• Aim of the exercise:
Any picture in the range stays out of the copy; retype exactly the lines from the one with "The CIPD Human" to the end of the listing.

• Data extract:
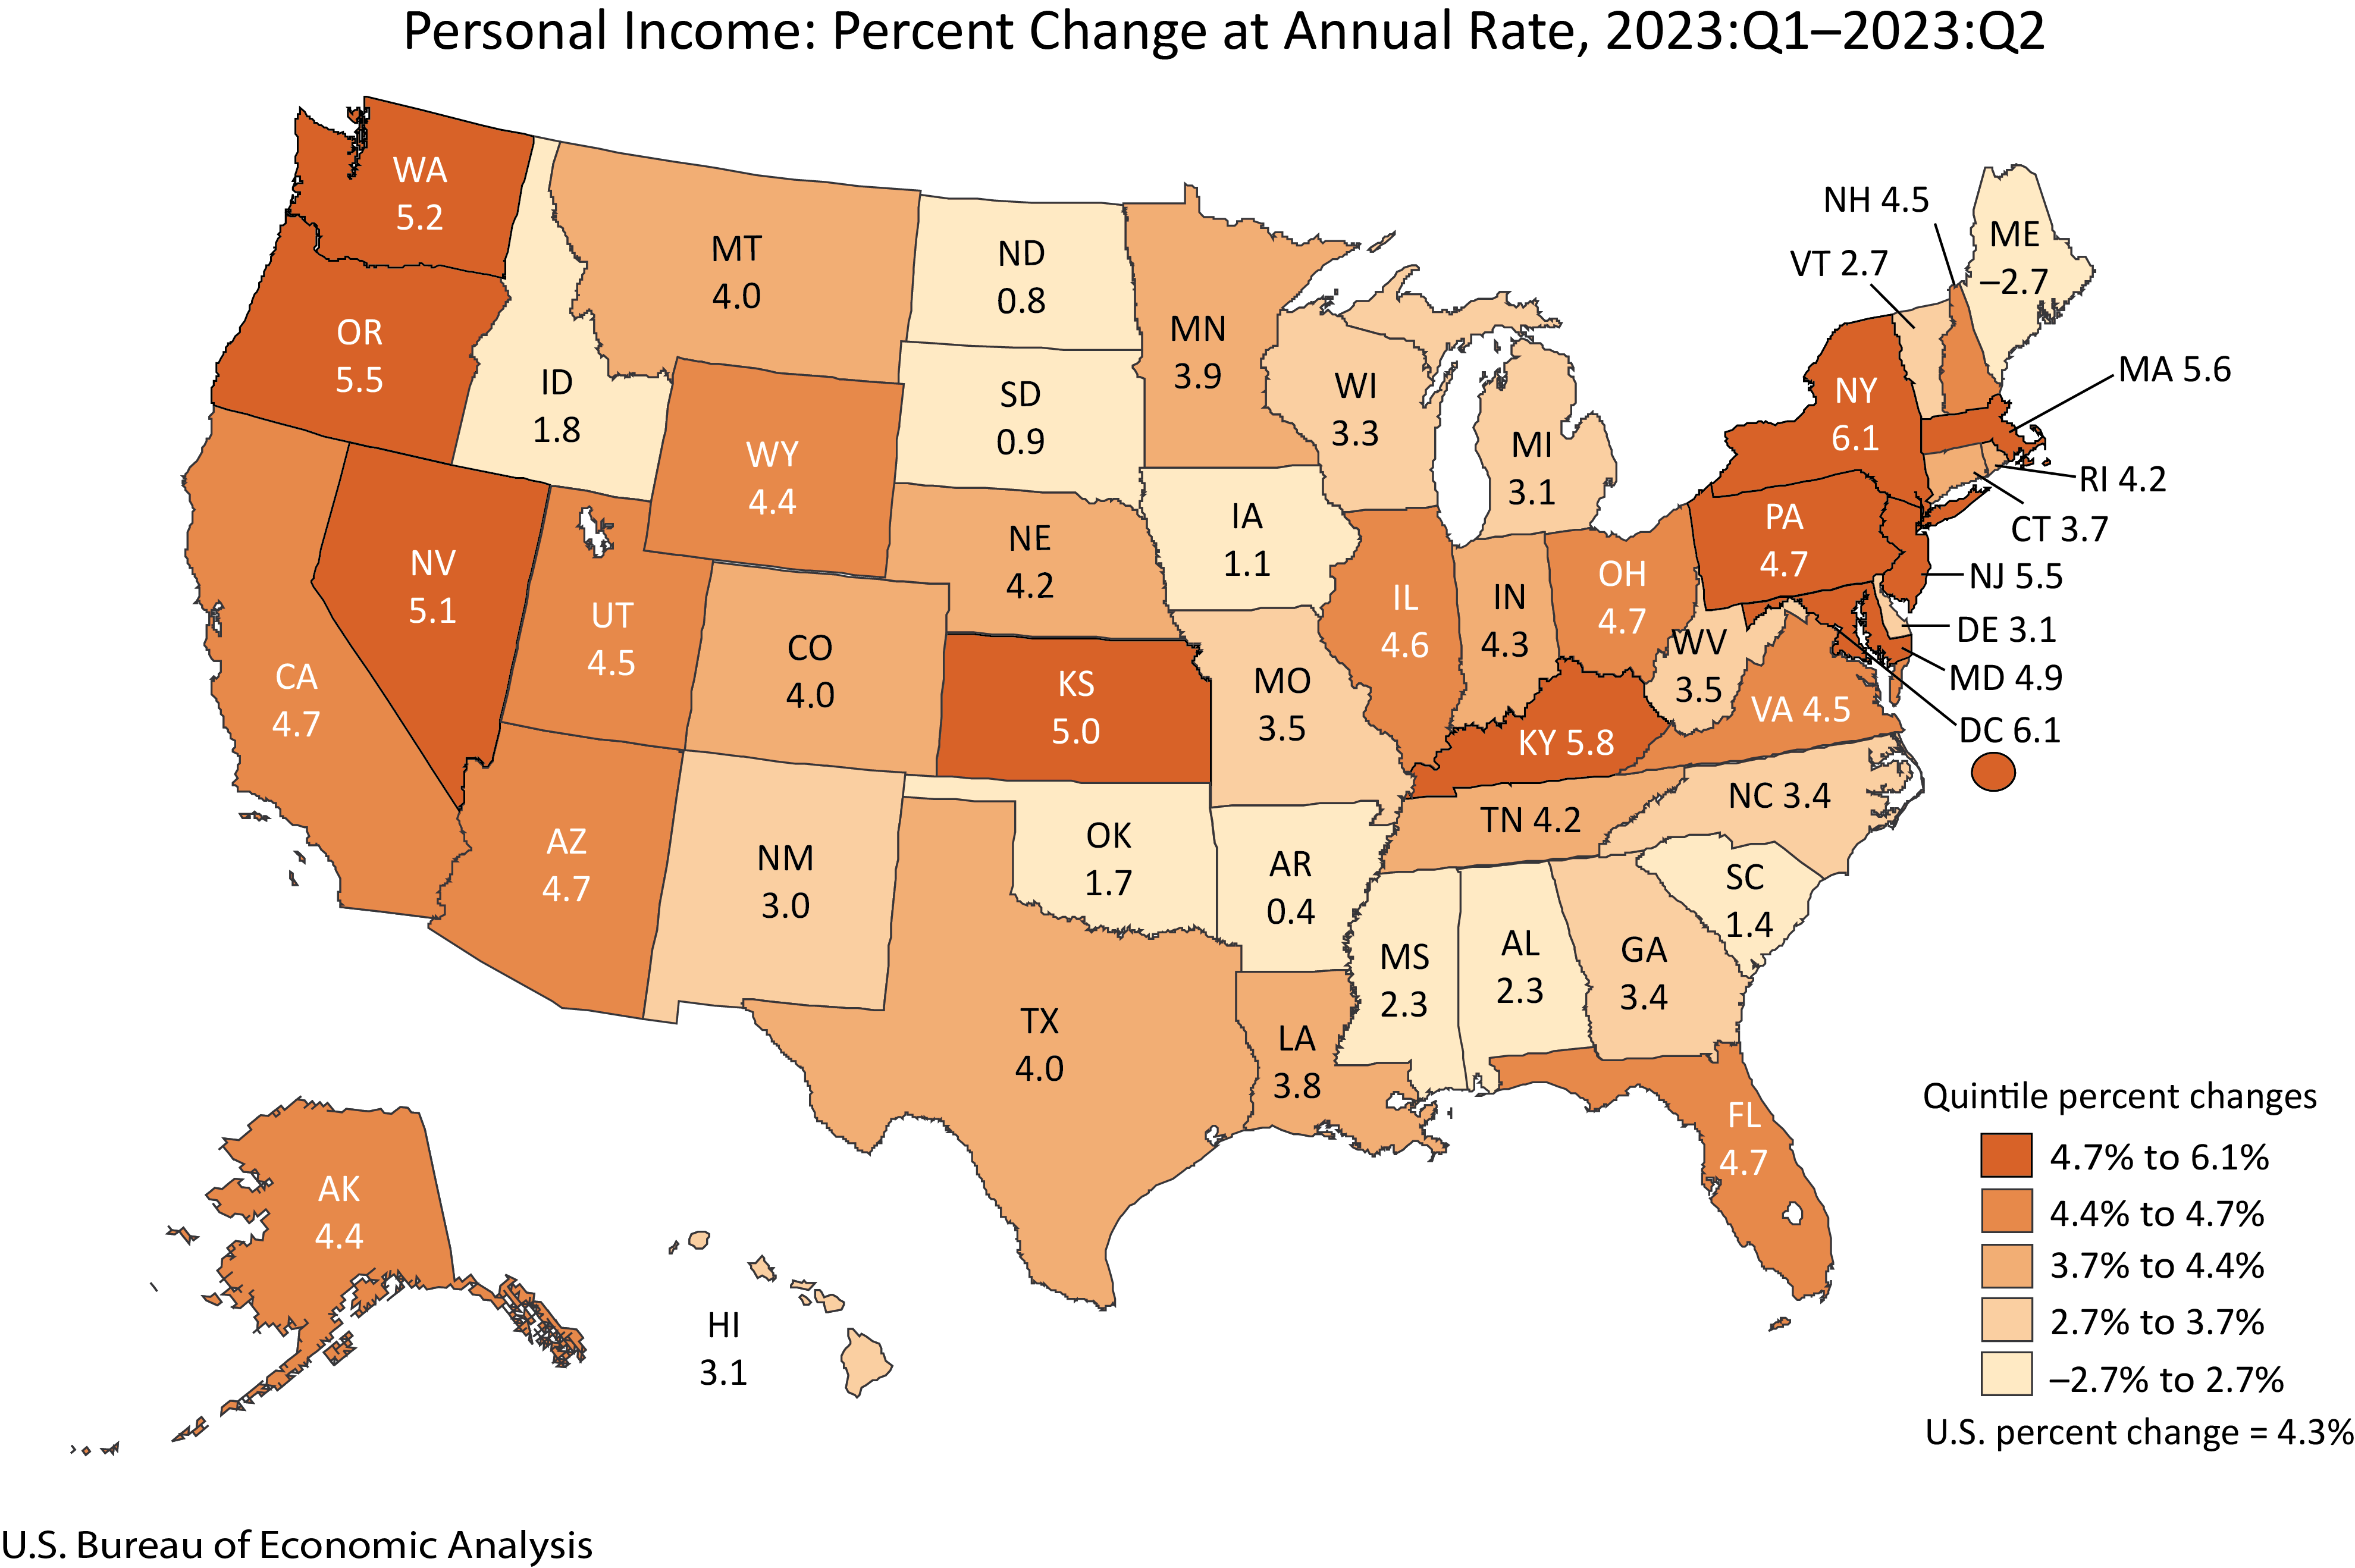 Personal Income: Percent Change at Annual Rate, 2023:Q1-2023:Q2
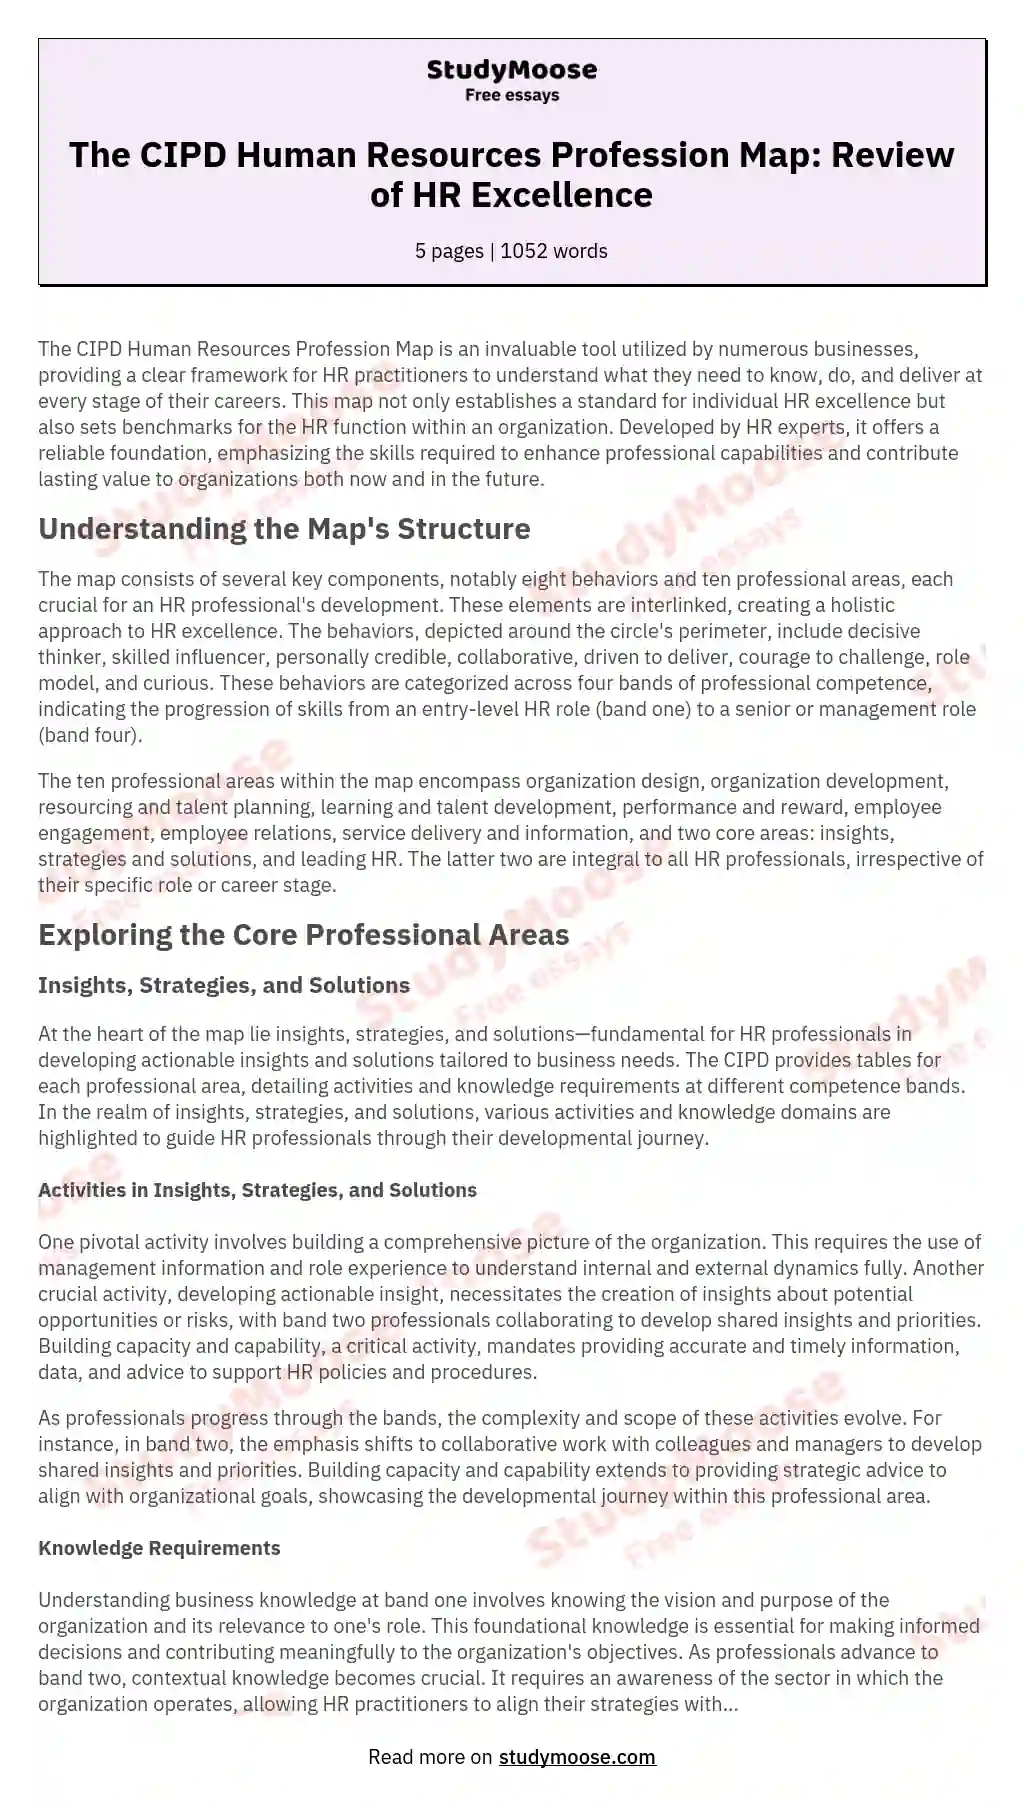 The CIPD Human Resources Profession Map: Review of HR Excellence essay
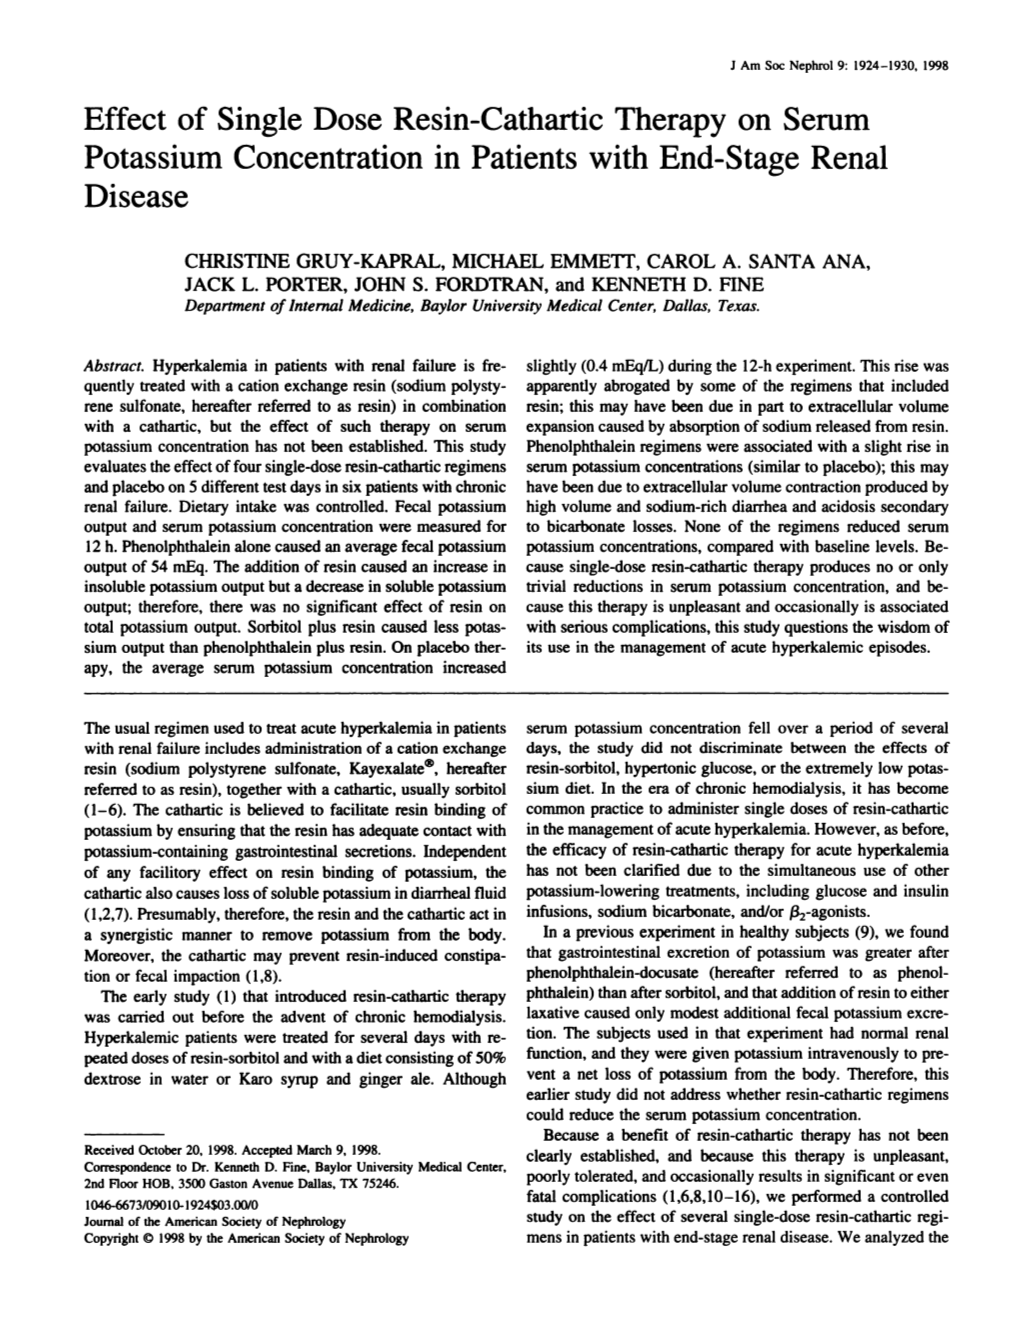 Effect of Single Dose Resin-Cathartic Therapy on Serum Potassium Concentration in Patients with End-Stage Renal Disease

• Solution for this problem:
 The CIPD Human Resources Profession Map: Review of HR Excellence essay
 Effect of Single Dose Resin-Cathartic Therapy on Serum Potassium Concentration in Patients with End-Stage Renal Disease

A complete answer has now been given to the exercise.